For the purpose of comparison we will use the `RMSLE` score. Notice how drastically a few of the algorithms (mostly linear) have improved after we performed a few pre-processing steps in `setup()`. 
- Linear Regression RMSLE improved from `0.7215` to `0.0958`
- Random Sample Consensus RMSLE improved from `0.5725` to `0.0957`
- Support Vector Machine RMSLE improved from `0.7137` to `0.0866`

At this point you should also notice that while the transformations have improved the performance for several linear algorithms, it has also adversely affected the performance of tree based algorithms (to a lesser extent). For example the RMSLE of Random Forest has decreased to `0.0909` from `0.0818` in __[Regression Tutorial (REG101) - Level Beginner](https://github.com/pycaret/pycaret/blob/master/Tutorials/Regression%20Tutorial%20Level%20Beginner%20-%20REG101.ipynb)__. It is important that you build an intuition as you go along in your machine learning journey to know what effects different pre-processing methods are likely to have on different types of models.

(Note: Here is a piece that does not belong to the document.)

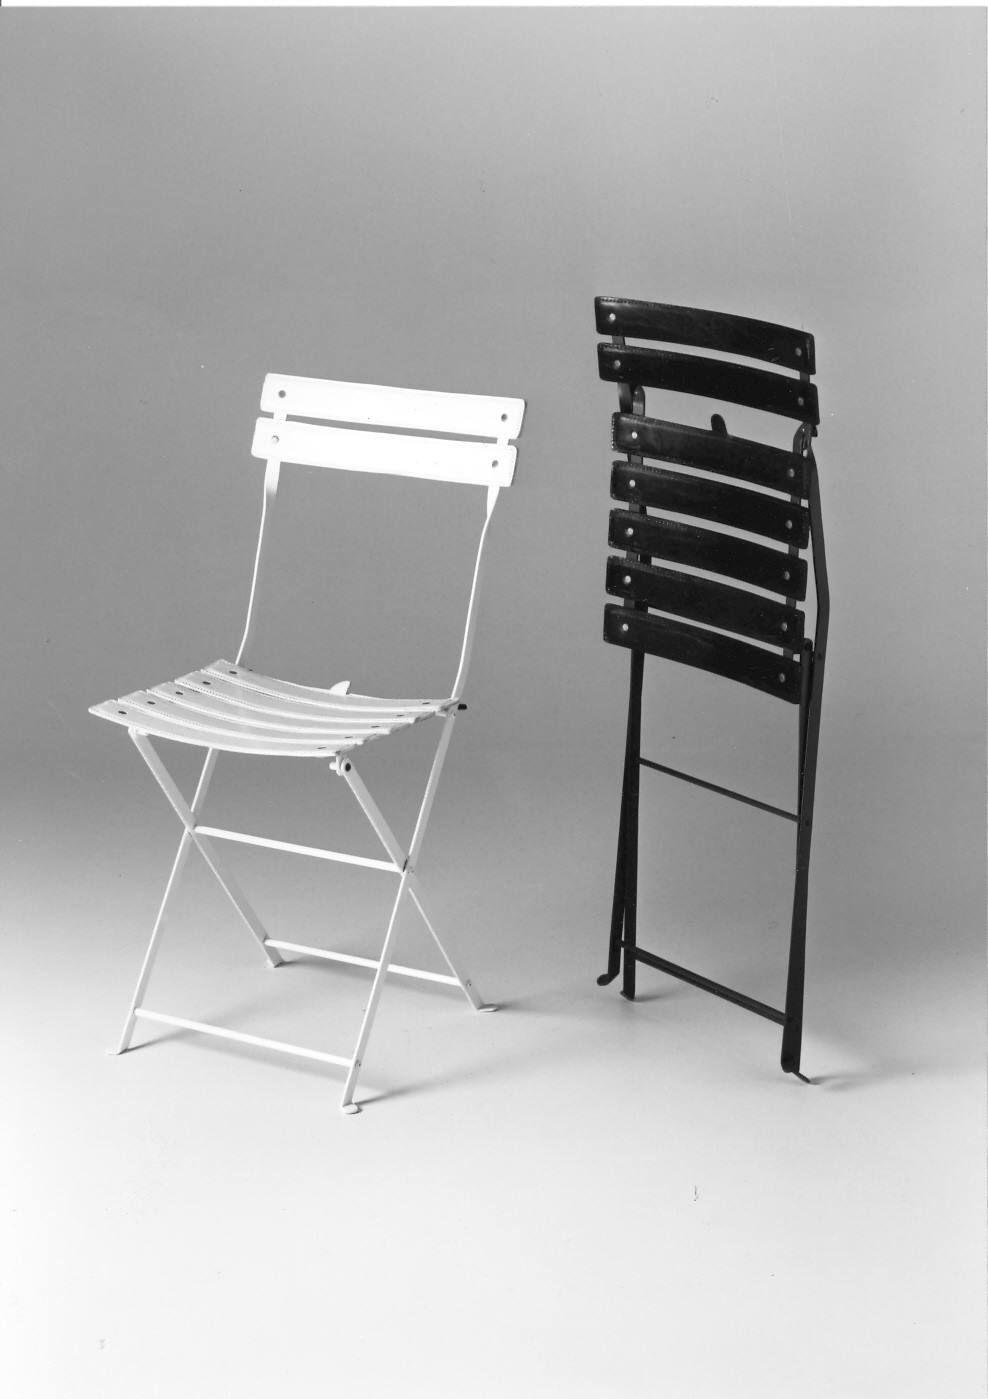 Sedia | Chair CELESTINA, Marco Zanuso 1978 Archivio storico ...

To see results for all of the models from the previous tutorial refer to Section 7 in __[Regression Tutorial (REG101) - Level Beginner](https://github.com/pycaret/pycaret/blob/master/Tutorials/Regression%20Tutorial%20Level%20Beginner%20-%20REG101.ipynb)__.

# 7.0 Create a Model

In the previous tutorial __[Regression (REG101) - Level Beginner](https://github.com/pycaret/pycaret/blob/master/Tutorials/Regression%20Tutorial%20Level%20Beginner%20-%20REG101.ipynb)__ we learned how to create a model using the `create_model()` function. Now we will learn about a few other parameters that may come in handy. In this section, we will create all the models using 5-fold cross validation. Notice how the `fold` parameter is passed inside `create_model()` to achieve this.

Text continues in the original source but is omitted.